◆ **What you should do**
Where the word "Belt" shows up in the entries below, please copy the whole line.

◆ **Data under study**
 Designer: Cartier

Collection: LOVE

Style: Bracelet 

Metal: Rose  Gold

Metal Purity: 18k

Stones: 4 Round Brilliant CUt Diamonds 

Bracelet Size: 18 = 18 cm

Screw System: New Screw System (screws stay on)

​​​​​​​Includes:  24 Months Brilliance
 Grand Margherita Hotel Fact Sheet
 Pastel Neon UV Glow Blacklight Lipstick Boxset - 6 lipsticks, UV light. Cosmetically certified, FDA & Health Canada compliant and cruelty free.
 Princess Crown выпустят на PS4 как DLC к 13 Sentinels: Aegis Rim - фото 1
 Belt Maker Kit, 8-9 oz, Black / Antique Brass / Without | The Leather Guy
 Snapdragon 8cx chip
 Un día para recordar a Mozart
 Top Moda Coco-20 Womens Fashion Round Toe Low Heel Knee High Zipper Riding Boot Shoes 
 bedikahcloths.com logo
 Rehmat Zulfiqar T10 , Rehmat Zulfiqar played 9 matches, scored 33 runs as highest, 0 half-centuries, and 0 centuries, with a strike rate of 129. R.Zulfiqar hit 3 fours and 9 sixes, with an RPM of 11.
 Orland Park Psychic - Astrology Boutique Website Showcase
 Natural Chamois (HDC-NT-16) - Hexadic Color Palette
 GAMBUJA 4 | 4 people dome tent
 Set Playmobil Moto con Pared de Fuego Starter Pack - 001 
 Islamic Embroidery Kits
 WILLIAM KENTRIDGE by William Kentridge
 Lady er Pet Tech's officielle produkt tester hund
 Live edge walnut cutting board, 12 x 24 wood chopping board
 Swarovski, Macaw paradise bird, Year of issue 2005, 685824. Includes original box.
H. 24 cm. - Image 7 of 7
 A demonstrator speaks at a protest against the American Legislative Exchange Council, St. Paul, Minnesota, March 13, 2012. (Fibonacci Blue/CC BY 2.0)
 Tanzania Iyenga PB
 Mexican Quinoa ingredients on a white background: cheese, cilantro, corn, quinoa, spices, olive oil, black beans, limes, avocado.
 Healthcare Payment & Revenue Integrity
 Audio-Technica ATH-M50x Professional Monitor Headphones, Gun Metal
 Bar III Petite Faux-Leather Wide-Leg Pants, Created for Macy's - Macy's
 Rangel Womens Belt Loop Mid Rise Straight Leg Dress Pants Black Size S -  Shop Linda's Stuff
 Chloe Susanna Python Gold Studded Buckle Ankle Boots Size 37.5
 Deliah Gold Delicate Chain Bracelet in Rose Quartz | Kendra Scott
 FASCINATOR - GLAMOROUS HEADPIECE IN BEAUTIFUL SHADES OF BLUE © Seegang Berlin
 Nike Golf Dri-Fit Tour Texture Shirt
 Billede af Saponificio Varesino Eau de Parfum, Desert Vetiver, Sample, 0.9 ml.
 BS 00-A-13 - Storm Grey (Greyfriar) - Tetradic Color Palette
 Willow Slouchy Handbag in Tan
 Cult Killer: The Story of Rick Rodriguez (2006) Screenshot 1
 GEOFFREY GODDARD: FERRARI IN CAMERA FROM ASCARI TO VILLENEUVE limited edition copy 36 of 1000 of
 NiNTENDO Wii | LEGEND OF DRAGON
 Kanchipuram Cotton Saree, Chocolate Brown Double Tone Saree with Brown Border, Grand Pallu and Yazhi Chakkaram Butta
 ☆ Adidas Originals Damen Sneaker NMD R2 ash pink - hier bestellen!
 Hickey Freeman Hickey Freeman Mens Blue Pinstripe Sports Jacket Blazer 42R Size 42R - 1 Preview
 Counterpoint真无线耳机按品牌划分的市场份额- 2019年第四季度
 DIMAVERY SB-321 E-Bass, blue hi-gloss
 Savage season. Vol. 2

◆ **Expected answer**
 Belt Maker Kit, 8-9 oz, Black / Antique Brass / Without | The Leather Guy
 Rangel Womens Belt Loop Mid Rise Straight Leg Dress Pants Black Size S -  Shop Linda's Stuff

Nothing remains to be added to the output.